**Goal of the exercise**
From the first line to the last, repeat the data exactly but leave out the pictures.

**Given information**
- - - - -

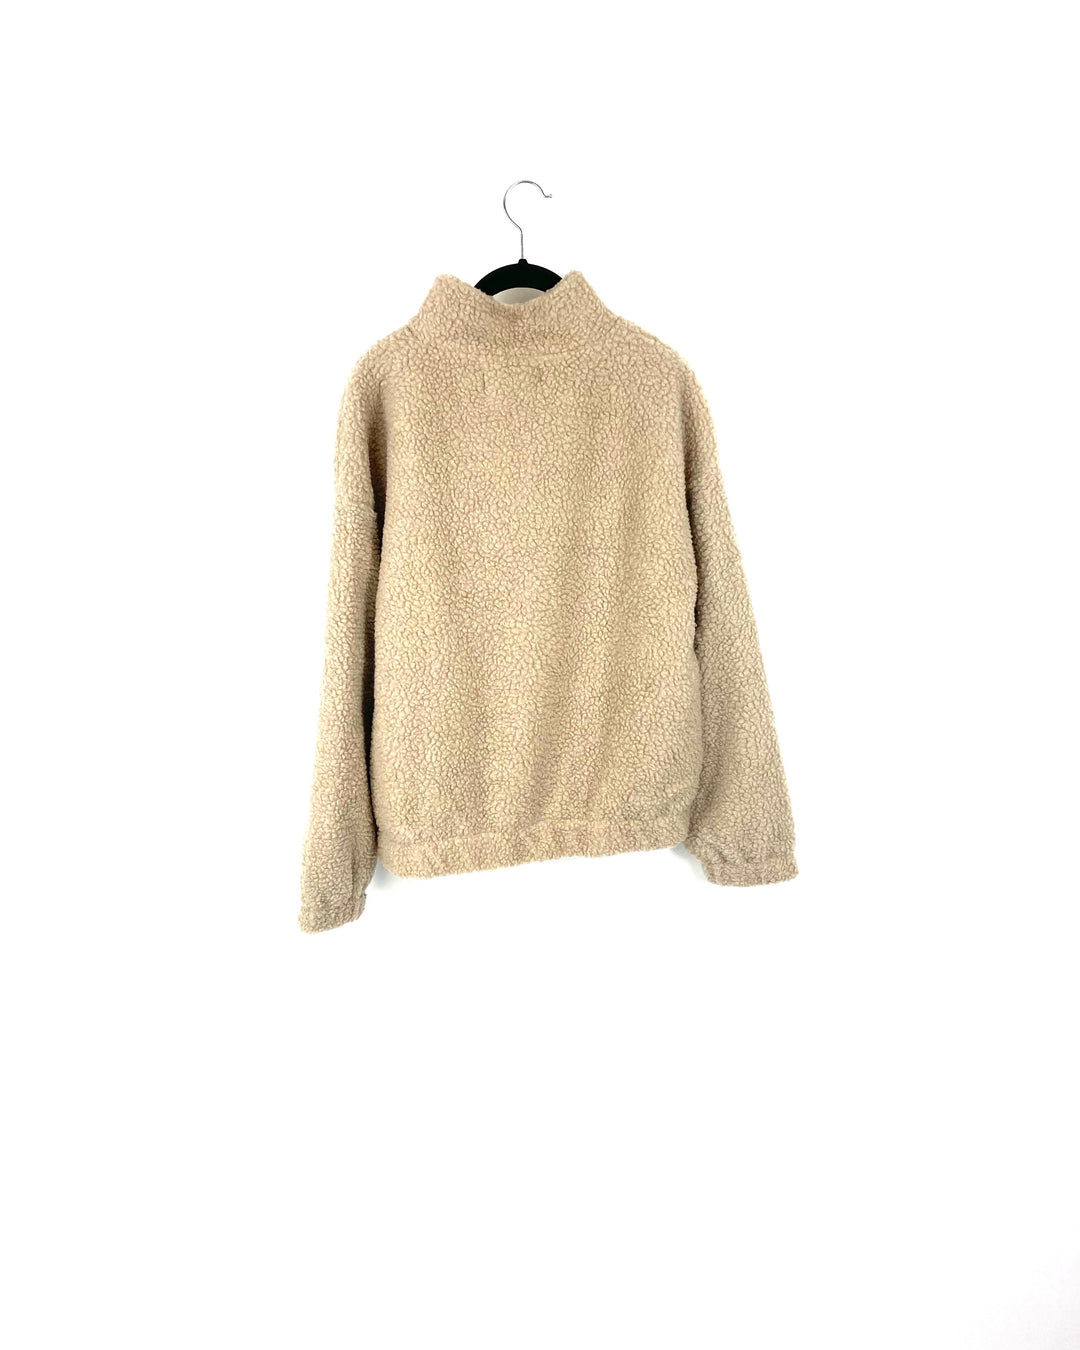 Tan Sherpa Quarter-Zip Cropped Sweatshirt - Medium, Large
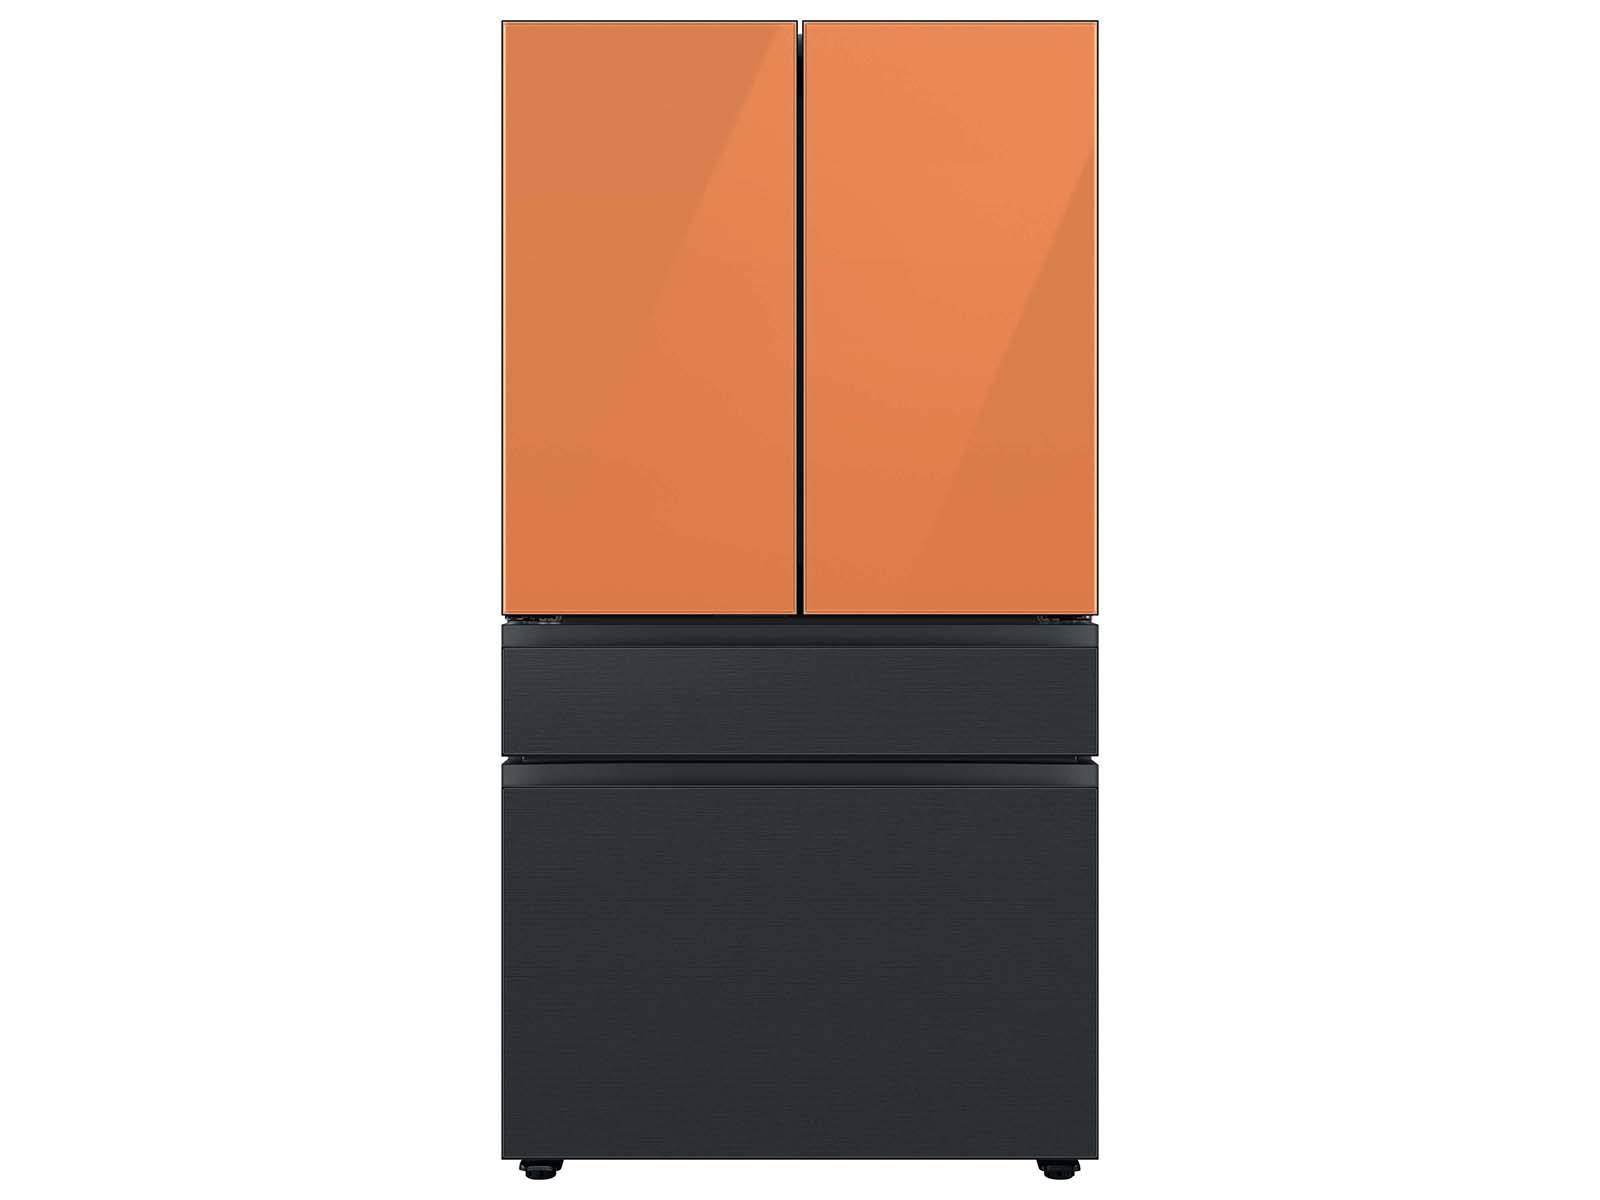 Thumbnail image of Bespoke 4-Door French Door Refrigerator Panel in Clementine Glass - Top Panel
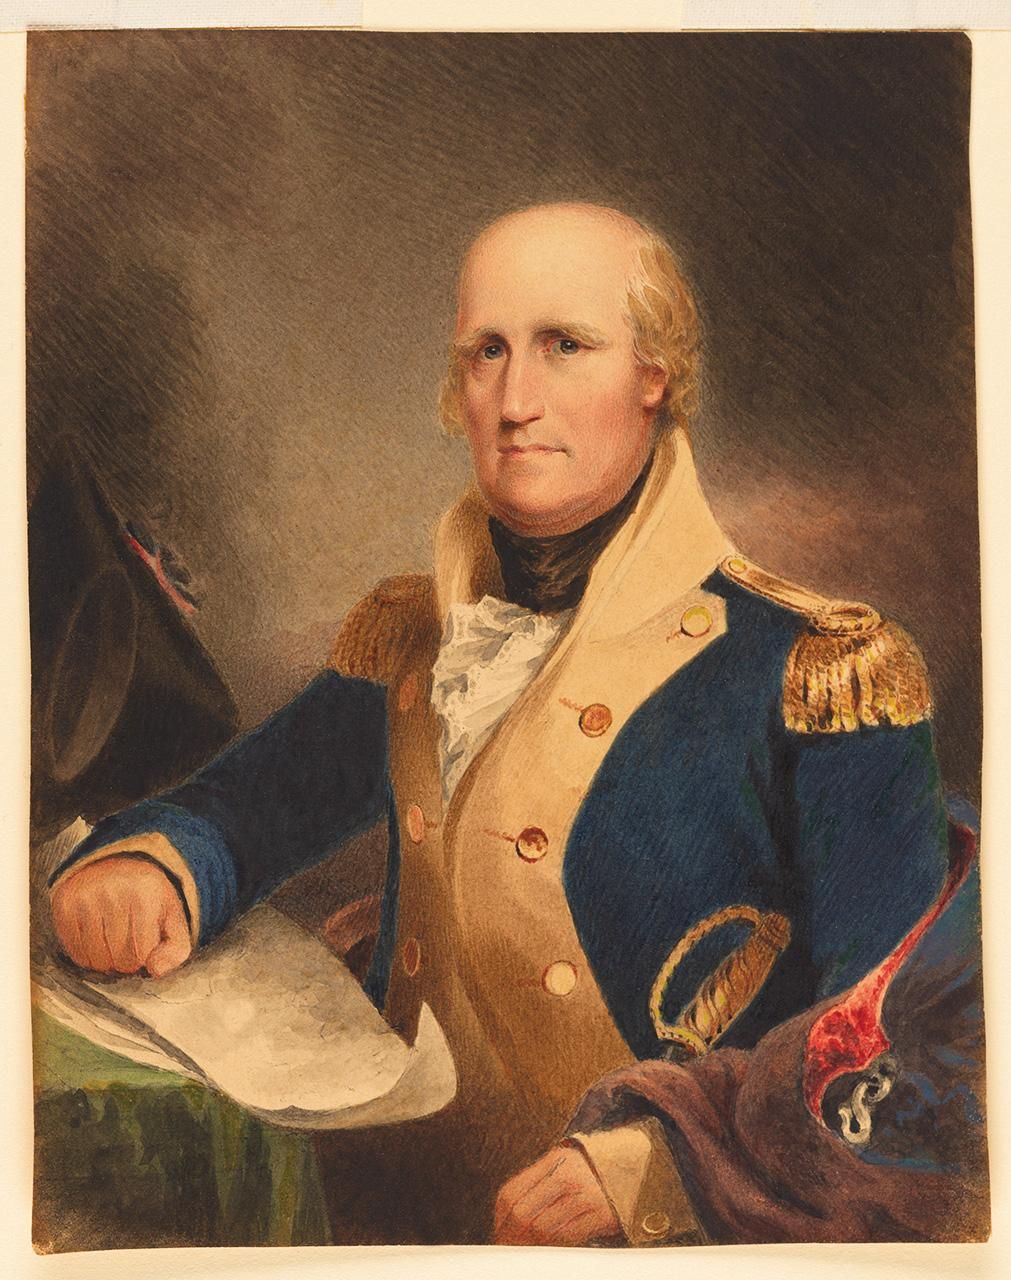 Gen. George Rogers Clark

- - - - -

**Final answer**
 Tan Sherpa Quarter-Zip Cropped Sweatshirt - Medium, Large
 Thumbnail image of Bespoke 4-Door French Door Refrigerator Panel in Clementine Glass - Top Panel
 Gen. George Rogers Clark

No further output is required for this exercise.